Exercise directions: Print, exactly as they stand, the lines below from the one that has "pair of wooden" to the one that has "3.52 Carat Pear", inclusive, leaving out the pictures.

Data section:
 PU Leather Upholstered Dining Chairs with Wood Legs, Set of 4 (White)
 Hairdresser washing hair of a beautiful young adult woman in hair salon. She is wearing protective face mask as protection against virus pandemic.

* * *

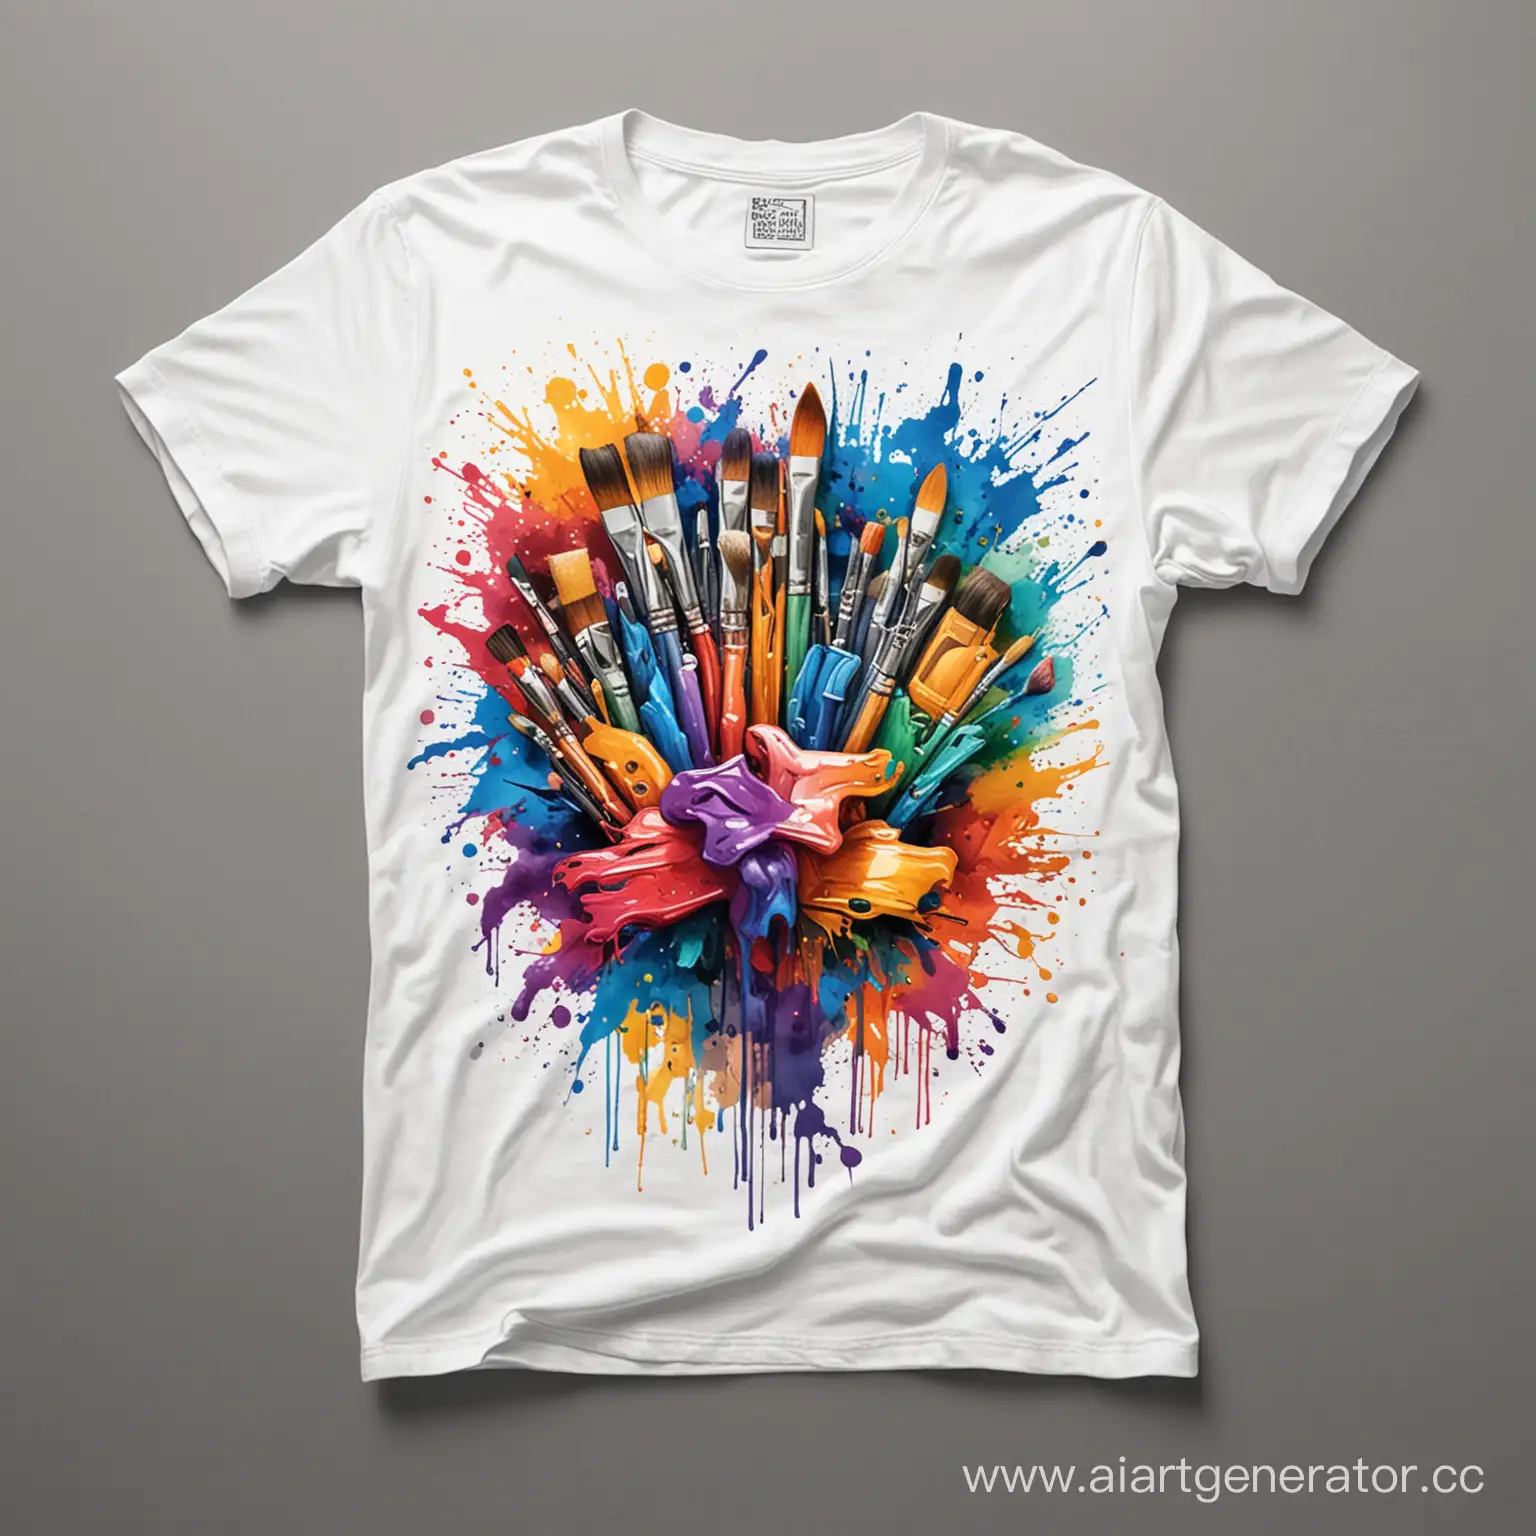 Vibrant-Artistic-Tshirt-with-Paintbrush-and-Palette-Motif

---

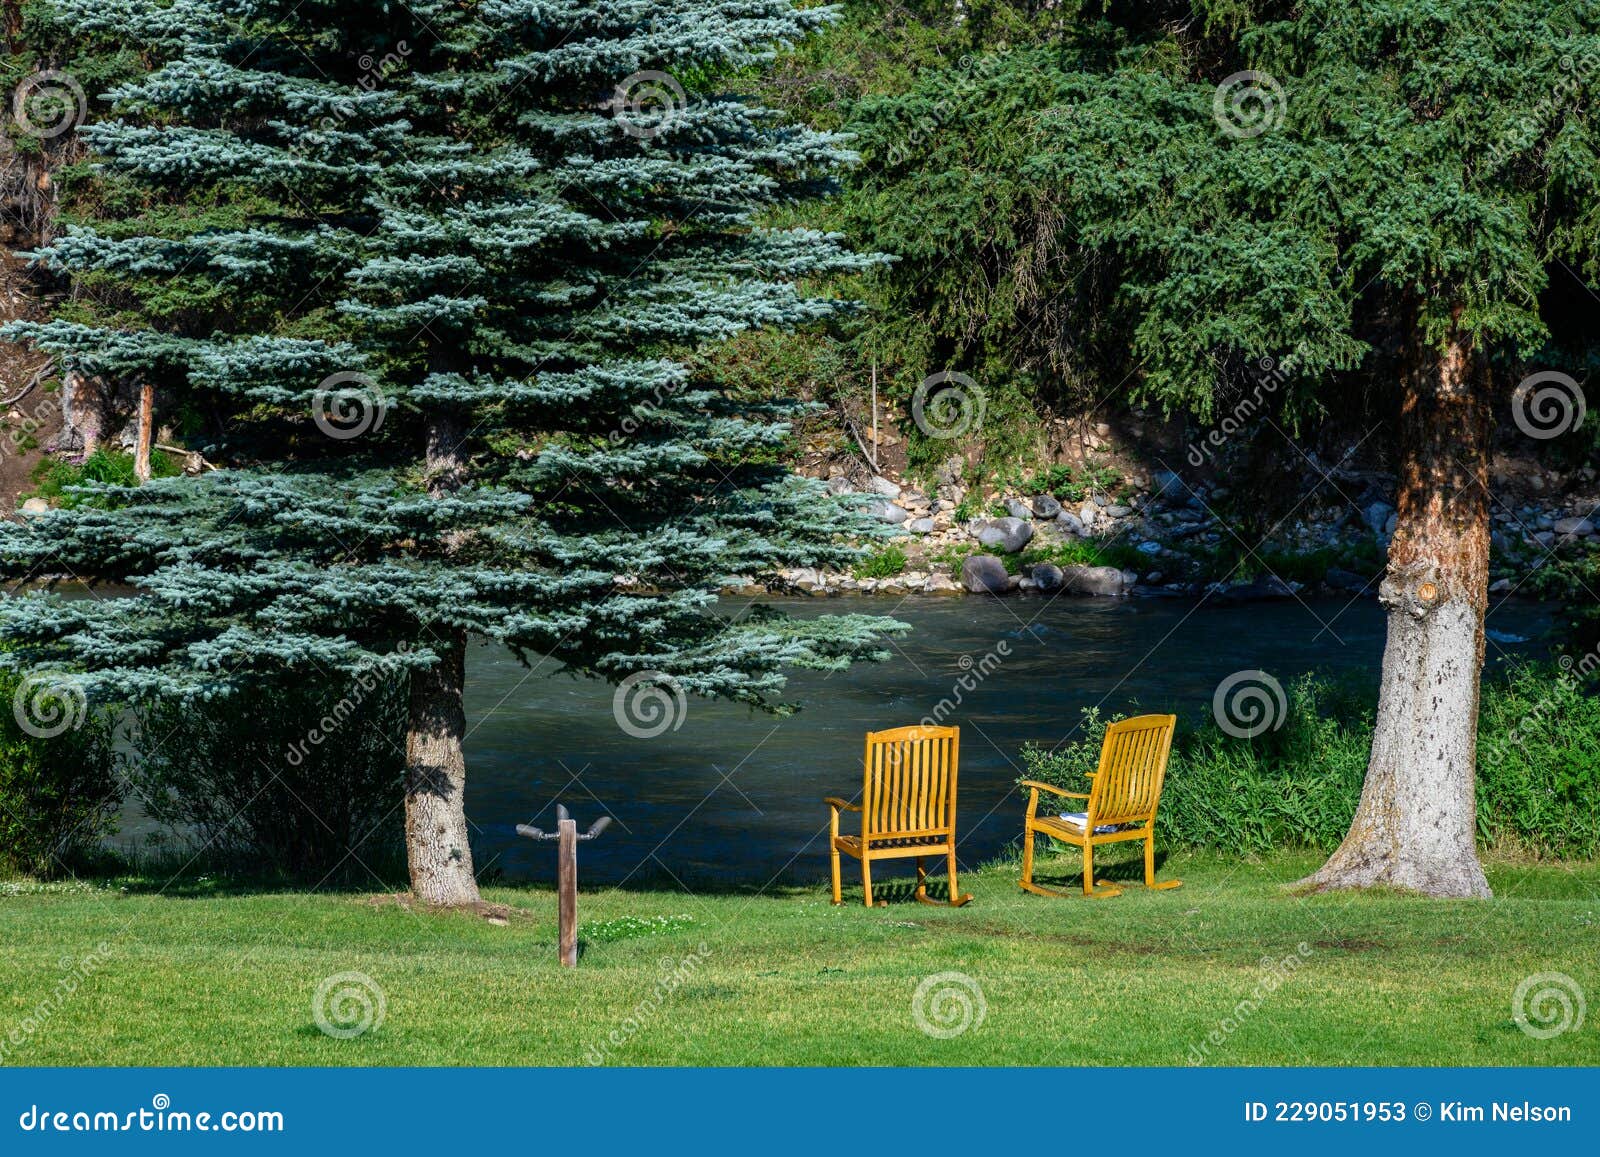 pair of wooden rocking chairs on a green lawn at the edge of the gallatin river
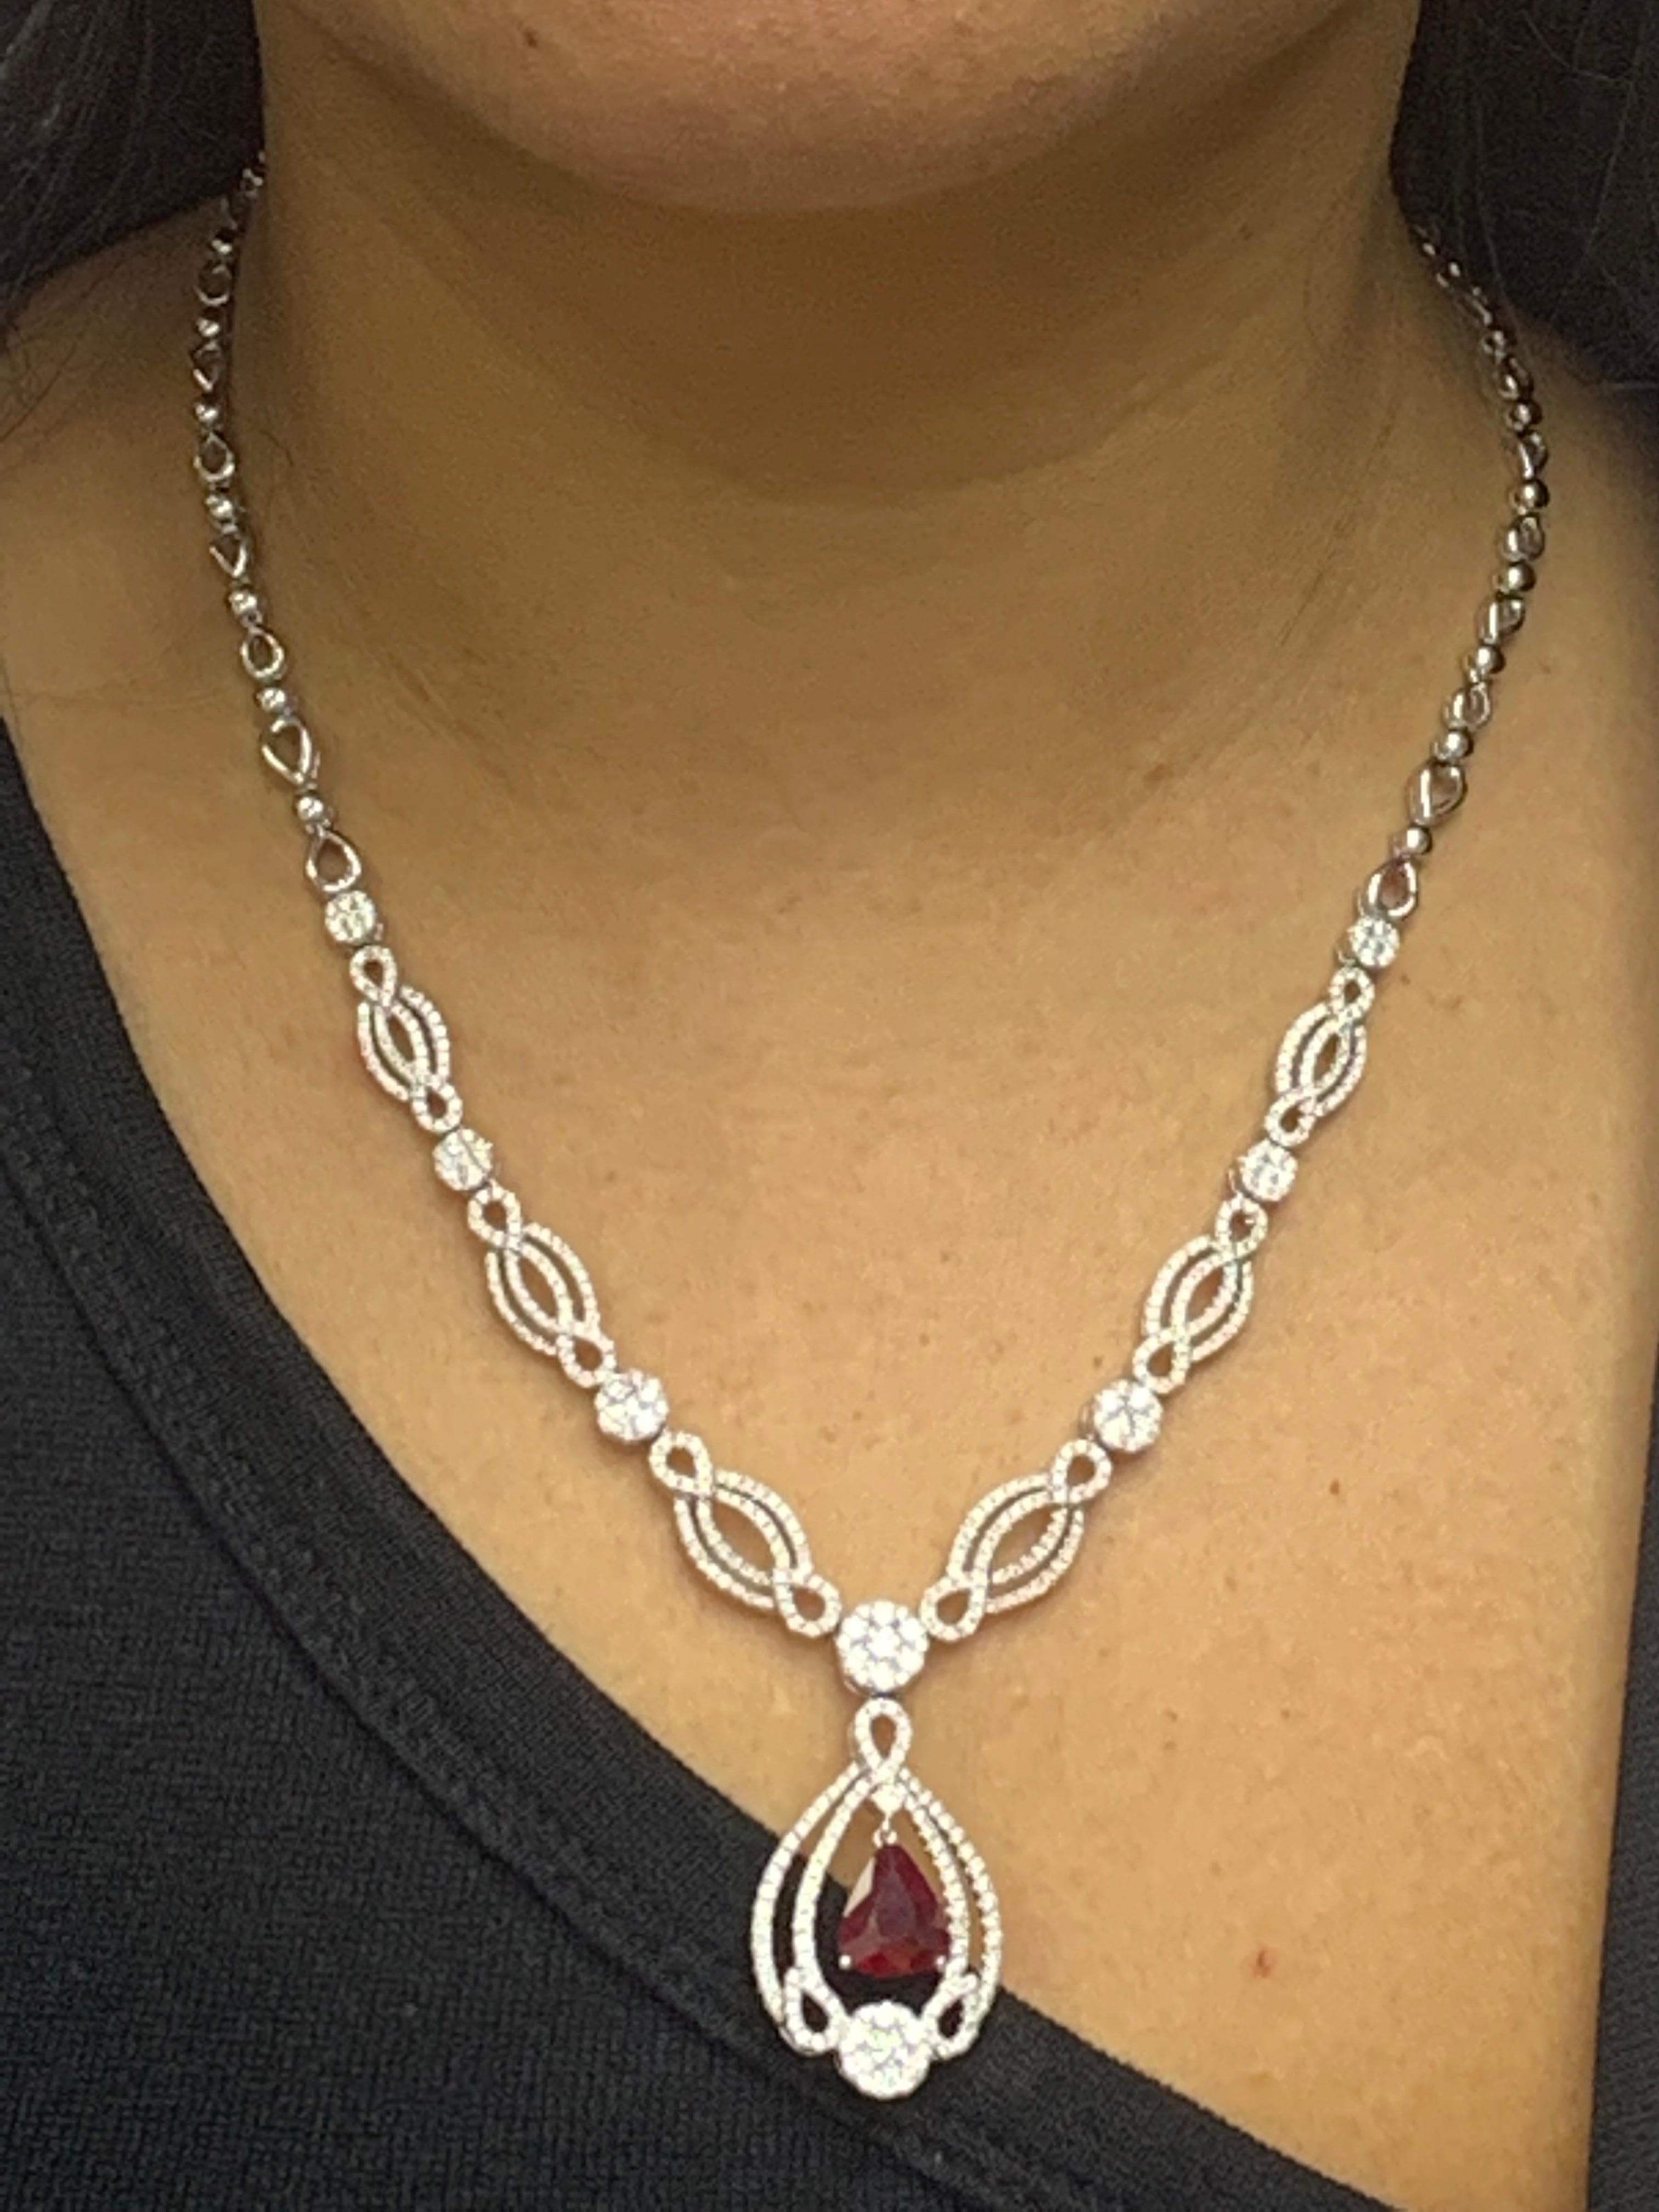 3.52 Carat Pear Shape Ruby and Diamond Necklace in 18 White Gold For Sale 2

Result:
 pair of wooden rocking chairs on a green lawn at the edge of the gallatin river
 3.52 Carat Pear Shape Ruby and Diamond Necklace in 18 White Gold For Sale 2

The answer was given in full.